To give effect to these reforms the Government will, upon assent to the legislation, separate the regulatory and commercial activities currently provided by the Valuer-General's Office. The separation is to be achieved by establishing the State Valuation Office within the Department of Land and Water Conservation to undertake commercial mass valuation activities. The regulatory functions will continue to be performed by the Valuer-General, who will report directly to the Minister for Land and Water Conservation. Further, commencing with the 1997 valuation cycle, competition will progressively be introduced in the purchase of mass valuation services for the Sydney, Wollongong and Newcastle metropolitan areas through an open tender process.
Competition has been confined to these regions as it is anticipated that a contestable market for the provision of mass valuation services might already exist in the Sydney, Newcastle and Wollongong metropolitan areas. There are, however, legitimate concerns about introducing competition to mass valuation services in country areas. These concerns arise over the viability of regional contracts without significant price increases to councils and the Office of State Revenue, the thin nature of these valuation service markets and the complexity that would arise in relation to the probity of valuations provided by local valuers. These factors militate against contemplating the application of competition in these regions. Consequently, the State Valuation Office will continue to provide valuation services to country areas and progressively will be required to compete with the private sector for valuation contracts offered by the Valuer-General.

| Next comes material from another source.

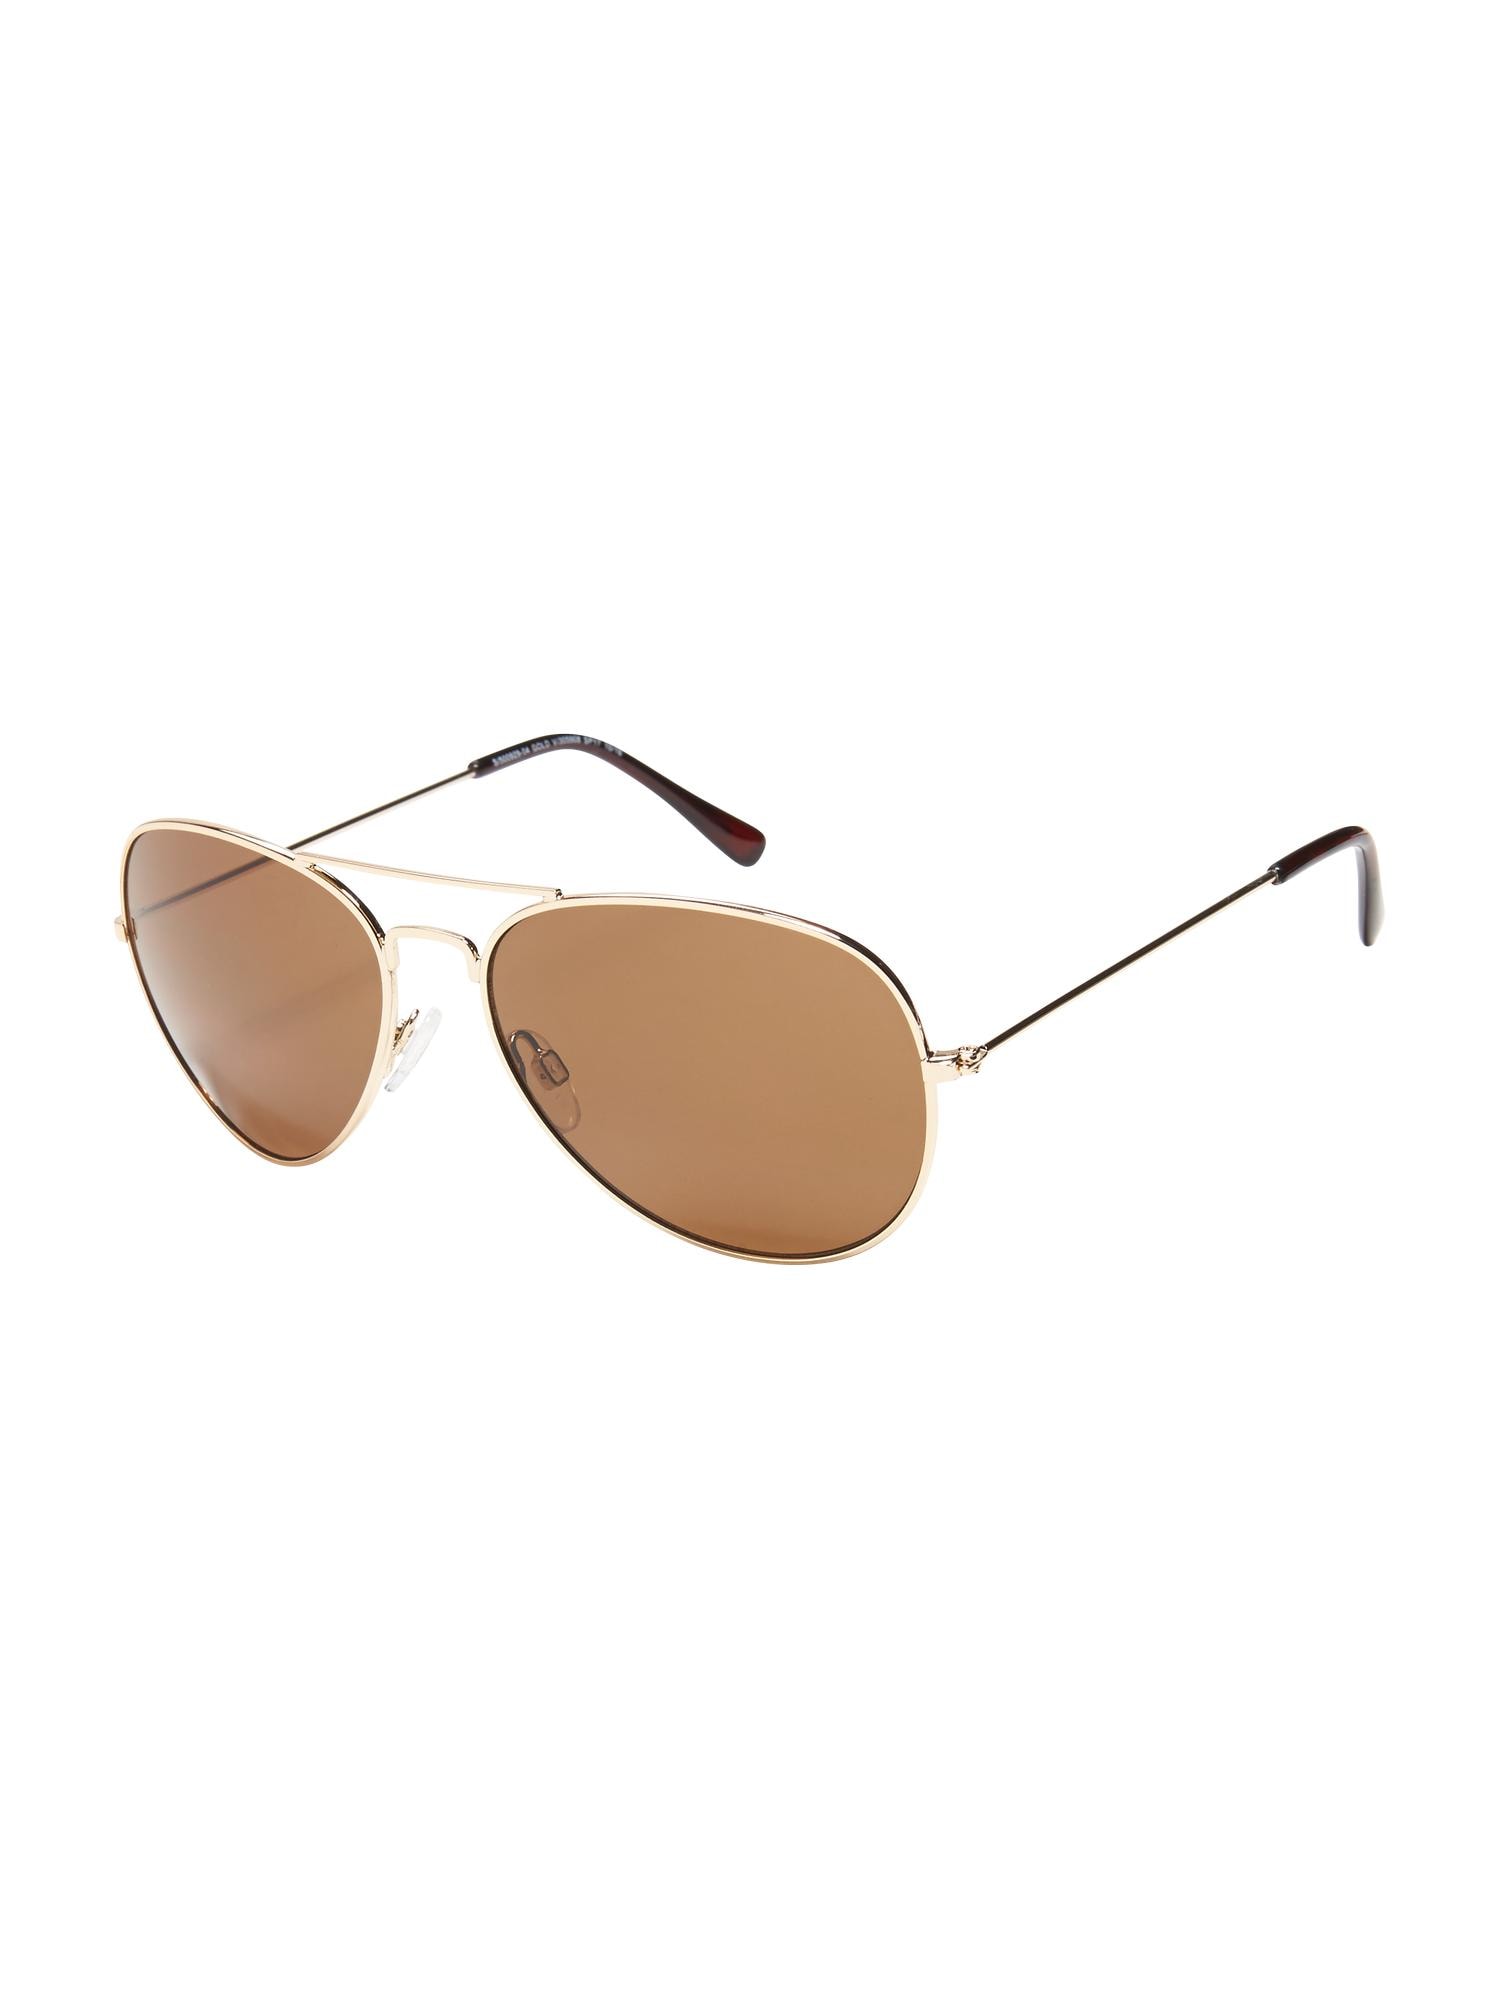 Classic Cat-Eye Sunglasses for Women | Old Navy

I shall now outline some of the key features of the amendment bill to explain how effect will be given to these reforms. The bill provides for the organisational separation of the regulatory functions from the provision of commercial valuation services. This is achieved in proposed section 4 by establishing the general role of the Valuer-General to encompass exercising functions with respect to the valuation of lands in the State, to ensure the integrity of valuations under the Act and to be the custodian of valuation rolls and lists under the Act. The regulatory and contractual role of the Valuer-General is further defined and clarified in proposed section 9, in which the functions of the Valuer-General are outlined in proposed subsections (1) and (2). They include:
(a) to establish and maintain valuation rolls and lists under this Act, and for this purpose to maintain such databases as the Valuer-General thinks appropriate,
(b) to enter valuations on such rolls, lists and databases on the basis of valuation recommendations made under this Act,
(c) to enter into, manage and monitor valuation service contracts,
(d) to make valuations of land as required by or under this or any other Act,
(e) to deal with objections and appeals against valuations under this Act.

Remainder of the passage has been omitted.